At the funeral, we meet her four adopted sons, two black, two white. She was a foster mother all of her life, and these were the only four she couldn't find homes for: Bobby (Mark Wahlberg), Angel (Tyrese Gibson), Jeremiah (Andre Benjamin) and Jack (Garrett Hedlund). Bobby is the oldest, the natural leader, the one with a temper. Angel is the player with a hot babe (Sofi Vergara). Jeremiah is a success; he's married (to Taraji P. Henson), has a family, is involved in real estate deals. Jack is a rock-and-roller.
They all have the name Mercer and they all consider Evelyn their mom, but they grew up on mean streets and have not spent a lot of time getting all sentimental about being "brothers." That begins to change at the funeral, when they wordlessly agree that their mother's death requires some kind of action. Jeremiah, the businessman, observes: "The people who did this are from the same streets we're from. Mom would have been the first to forgive them." True of Mom, not true of them.
This story is inspired by Henry Hathaway's "The Sons of Katie Elder" (1965), unseen by me but cited by my fellow critic Emanuel Levy. (I am awed by the number of films I have seen, and awed by the number I have not seen.) At first it looks like an open-and-shut case: Witnesses saw two gang-bangers walk in and blast the store owner.
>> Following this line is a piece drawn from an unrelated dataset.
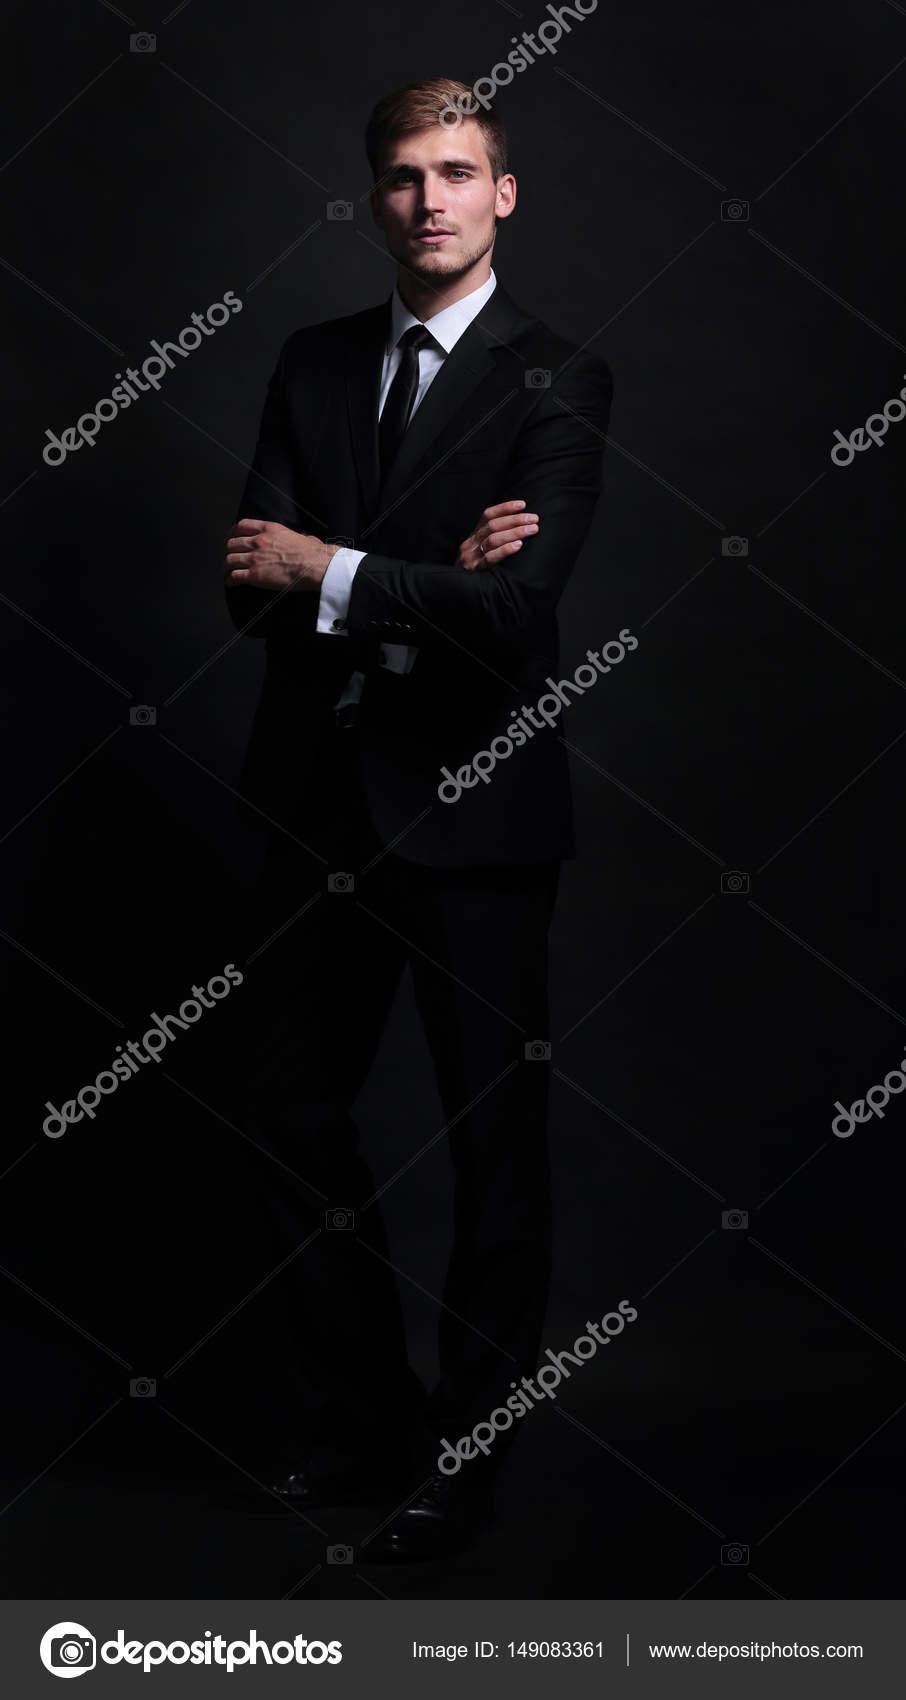 Retrato de cuerpo entero de hombre de negocios con los brazos cruzados  aislados sobre fondo negro — Foto de depositedhar c76471282e0

Mom was a bystander, shot in cold blood. But as the brothers look at the tape from the security camera, they're struck by how ruthlessly she was murdered; they turn up evidence suggesting maybe there was something more to this killing. As long as we're talking about the influence of old movies, a crucial clue in "Four Brothers" involves when the lights are turned off on a basketball court; I was reminded of the almanac in John Ford's "Young Mr. Lincoln" (1939) that provides the phases of the moon.
I won't describe the rest of the plot, which unfolds like a police procedural, but I will note a nice touch involving the way Jeremiah looks guilty for a moment simply because he is successful and generous. And I'll mention the key supporting characters. Terrence Howard and Josh Charles play the two cops on the case, and Chiwetel Ejiofor ("Dirty Pretty Things"), who is one of the nicest men alive, plays one of the meanest men in Detroit. He's a crime boss whose methods for humbling his underlings pass beyond mere cruelty into demented ingenuity.